FedDetox: Robust Federated SLM Alignment via On-Device Data Sanitization

Published 8 Apr 2026 in cs.CR and cs.LG | (2604.06833v1)

Abstract: As high quality public data becomes scarce, Federated Learning (FL) provides a vital pathway to leverage valuable private user data while preserving privacy. However, real-world client data often contains toxic or unsafe information. This leads to a critical issue we define as unintended data poisoning, which can severely damage the safety alignment of global models during federated alignment. To address this, we propose FedDetox, a robust framework tailored for Small LLMs (SLMs) on resource-constrained edge devices. We first employ knowledge distillation to transfer sophisticated safety alignment capabilities from large scale safety aligned teacher models into light weight student classifiers suitable for resource constrained edge devices. Specifically, during federated learning for human preference alignment, the edge client identifies unsafe samples at the source and replaces them with refusal templates, effectively transforming potential poisons into positive safety signals. Experiments demonstrate that our approach preserves model safety at a level comparable to centralized baselines without compromising general utility.

Abstract PDF Upgrade to Chat

Authors (4)

Summary

The paper introduces an innovative on-device data sanitization framework using knowledge distillation to combat unintended data poisoning in federated SLM alignment.
It leverages a two-step method combining teacher-student distillation and refusal template replacement to robustly filter toxic samples while preserving model utility.
Empirical results demonstrate significant safety improvements with restored attack success rates and maintained performance on benchmarks like TruthfulQA and GSM8K.

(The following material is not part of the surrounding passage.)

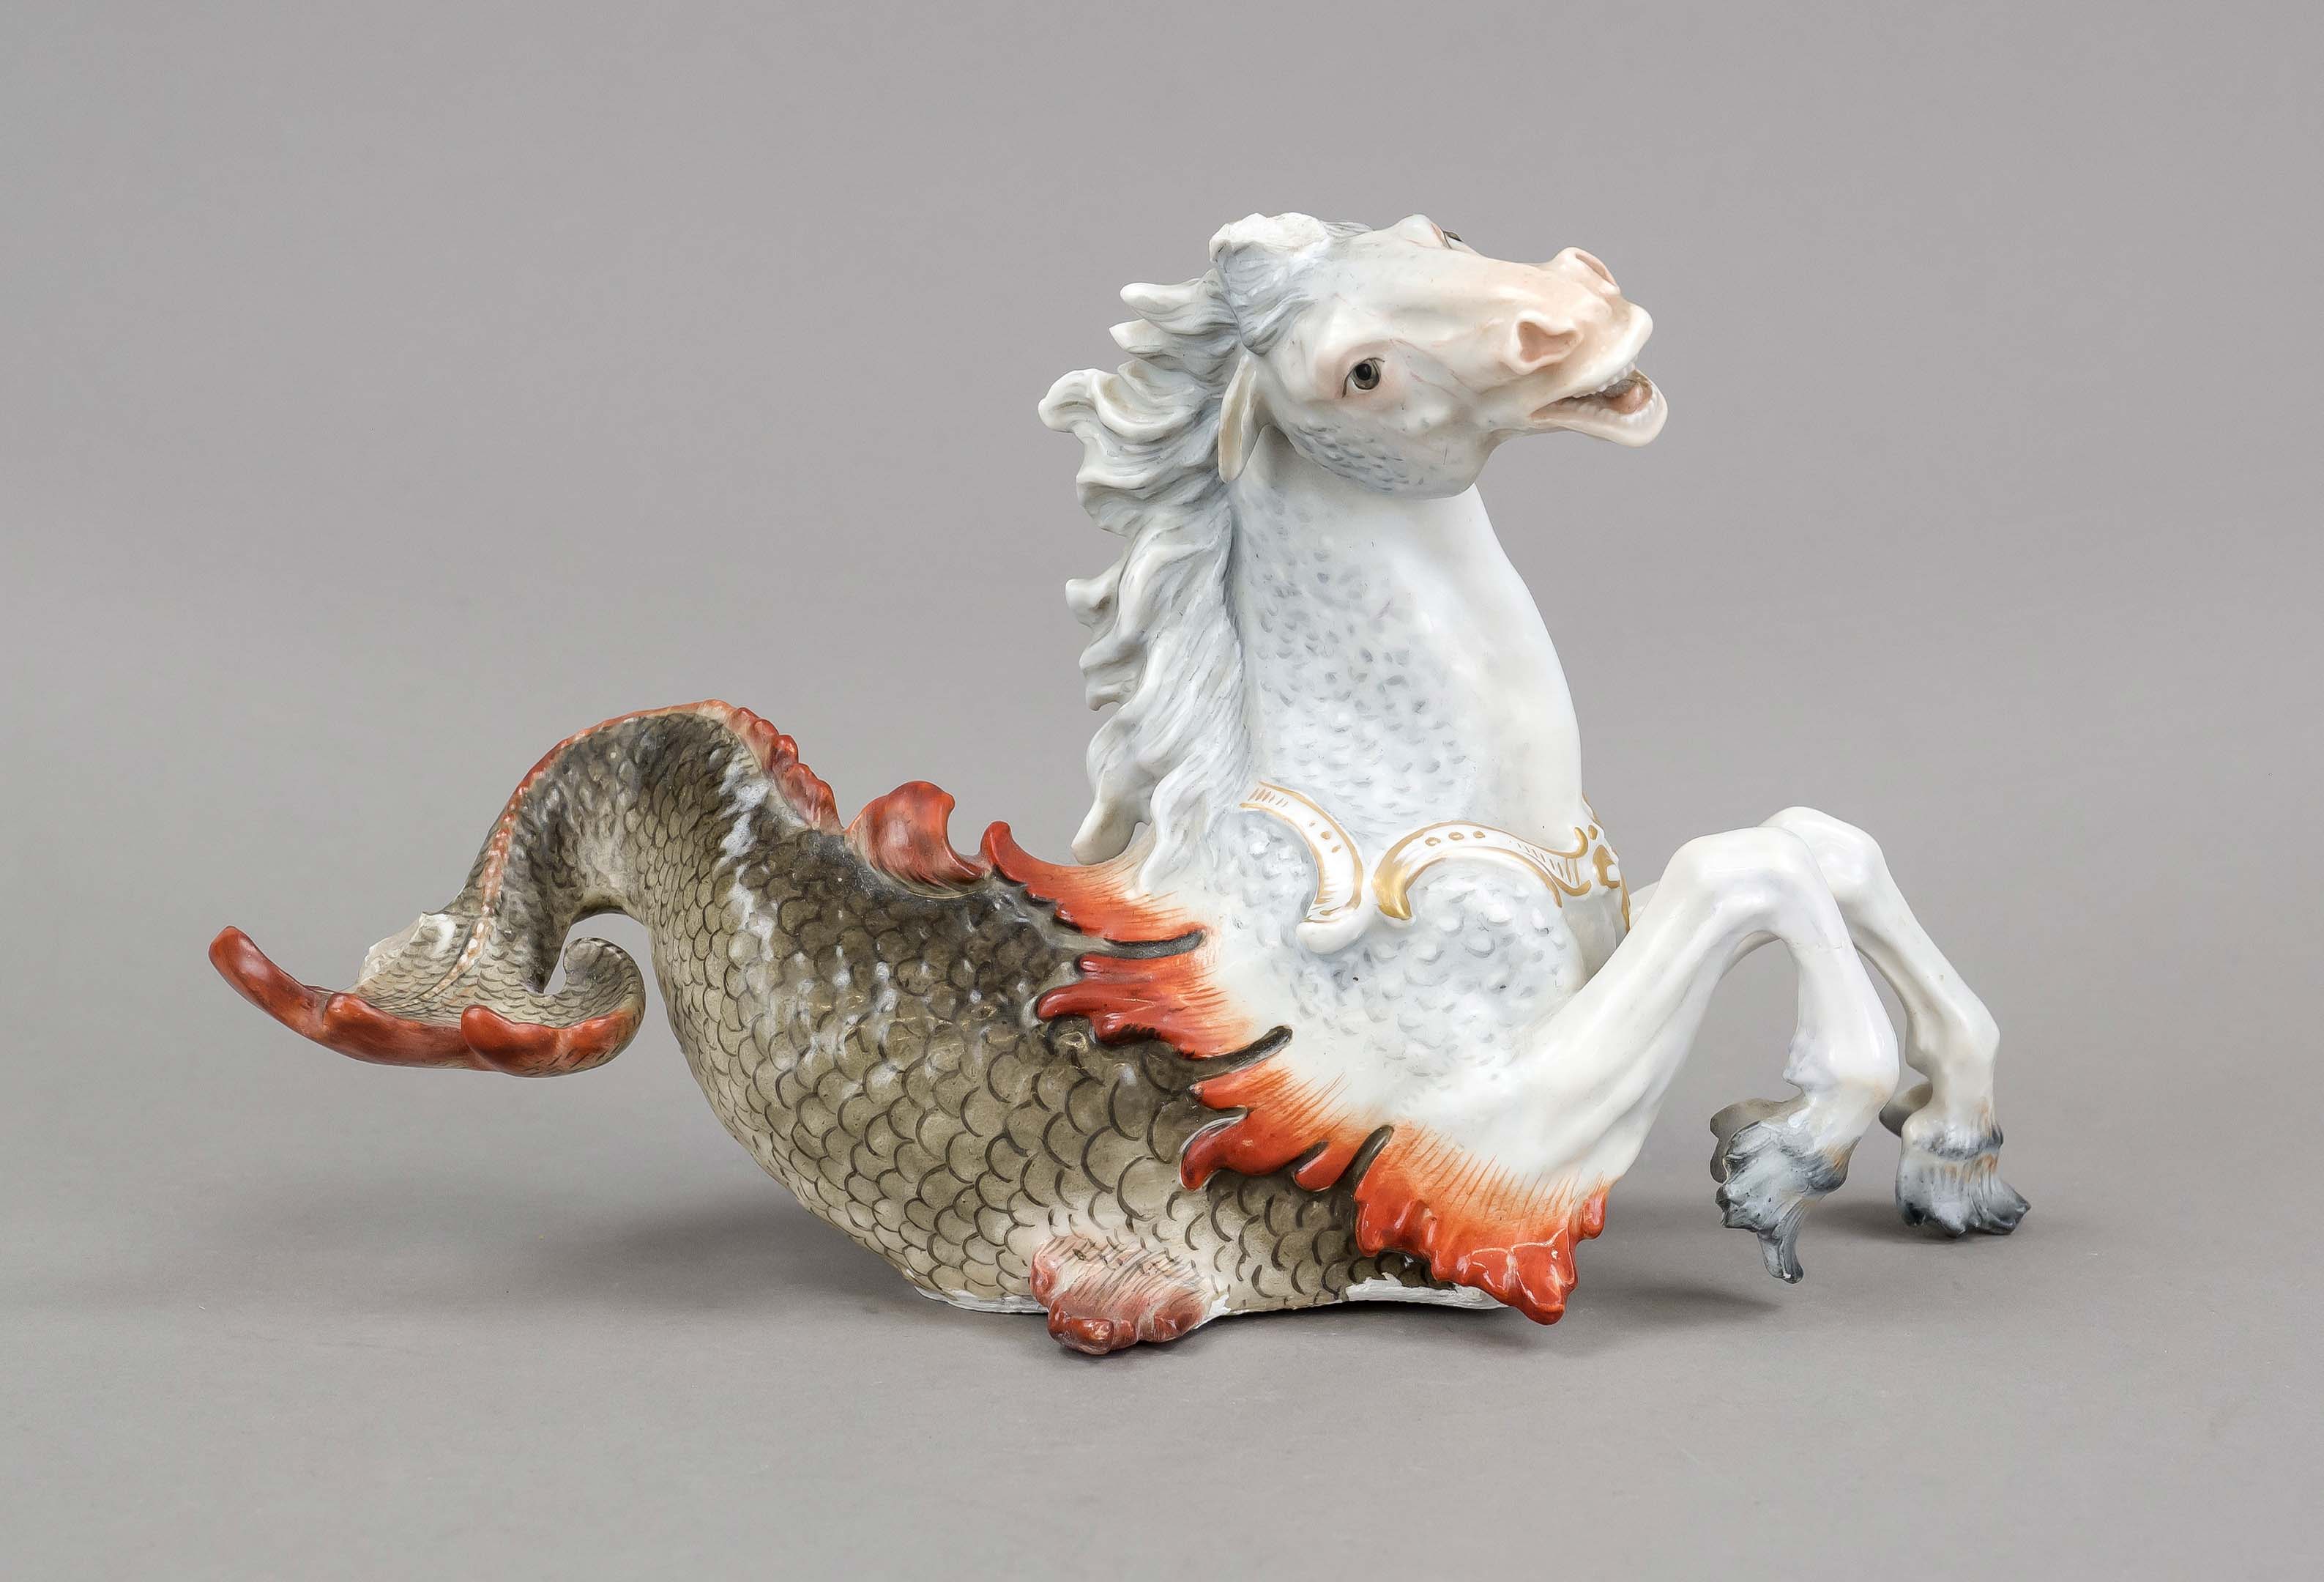 Hippocamp, Meissen, unmarked, probably from a group of figures with Neptune and chariot, designed by
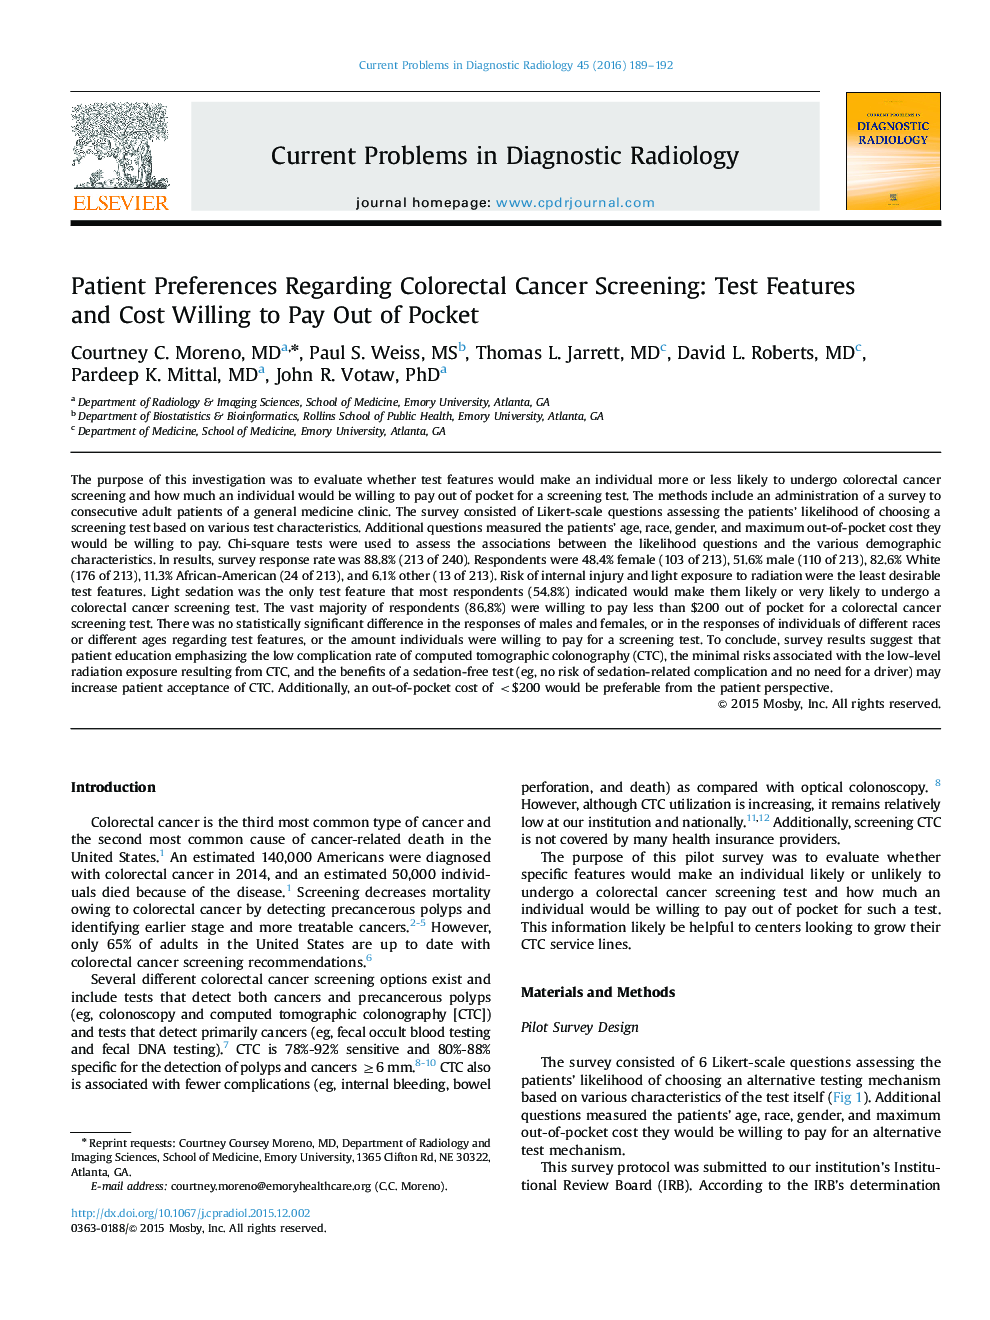 Patient Preferences Regarding Colorectal Cancer Screening: Test Features and Cost Willing to Pay Out of Pocket

FedDetox: Robust Federated SLM Alignment via On-Device Data Sanitization

Motivation and Problem Definition

The incessant demand for high-quality data for LLMs has led to the exhaustion of open data sources, driving increased reliance on Federated Learning (FL) to access decentralized, private user data. However, FL introduces complex safety challenges due to the heterogeneity and intrinsic noisiness of real-world client datasets, which may contain toxic or unsafe content arising not from malicious intent but from organic user interactions. The paper rigorously formulates the risk of unintended data poisoning—a phenomenon where benign clients unknowingly propagate unsafe samples during federated preference alignment—resulting in catastrophic degradation of global model safety.

Figure 1: An illustrative example of unintended data poisoning, where daily emails containing sensitive emotions act as toxic samples during federated alignment.

The threat model distinguishes unintended poisoning from classical Byzantine and backdoor attacks. Unaware clients fine-tune SLMs on mixtures of benign and toxic data, with unsanitized gradients propagating to the server and eroding safety guardrails (RLHF-aligned refusal behaviors). Unlike centralized training—where input data is sanitized via server-side safety filters—federated settings decentralize data without any direct visibility or central filtering, exacerbating vulnerability.

Figure 2: Unintended data poisoning in federated alignment: Centralized settings sanitize raw data, while federated settings allow toxic data to propagate through unaware clients, causing catastrophic safety degradation.

Methodology: Knowledge Distillation and On-Device Sanitization

The cornerstone of FedDetox is efficient on-device data sanitization tailored for resource-constrained Small LLMs (SLMs). The framework consists of two primary stages:

Knowledge Distillation Pipeline: Safety knowledge from a large teacher model (Llama Guard 3-8B) is transferred via KD to a compact student classifier (MobileBERT), generating lightweight "Guardians" suitable for edge devices. The distillation minimizes a joint loss function combining KL divergence (to align soft teacher logits) and cross-entropy (against hard labels), ensuring the student retains nuanced safety boundaries.
Figure 3: Knowledge distillation pipeline for Guardian: Student model learns safety boundaries on a mixed benign/toxic dataset by optimizing a joint loss over teacher logits and hard labels.
Federated Direct Preference Optimization (FedDPO) with Refusal Template Replacement: During federated fine-tuning, each client locally deploys the Guardian. Detected toxic samples are not simply discarded; they are transformed into preference pairs, explicitly favoring refusal templates over the original toxic responses. This direct negative supervision aligns the SLM’s policy to robustly refuse unsafe outputs, rather than merely avoiding exposure to toxicity—mitigating "knowledge voids" that naive filtering creates.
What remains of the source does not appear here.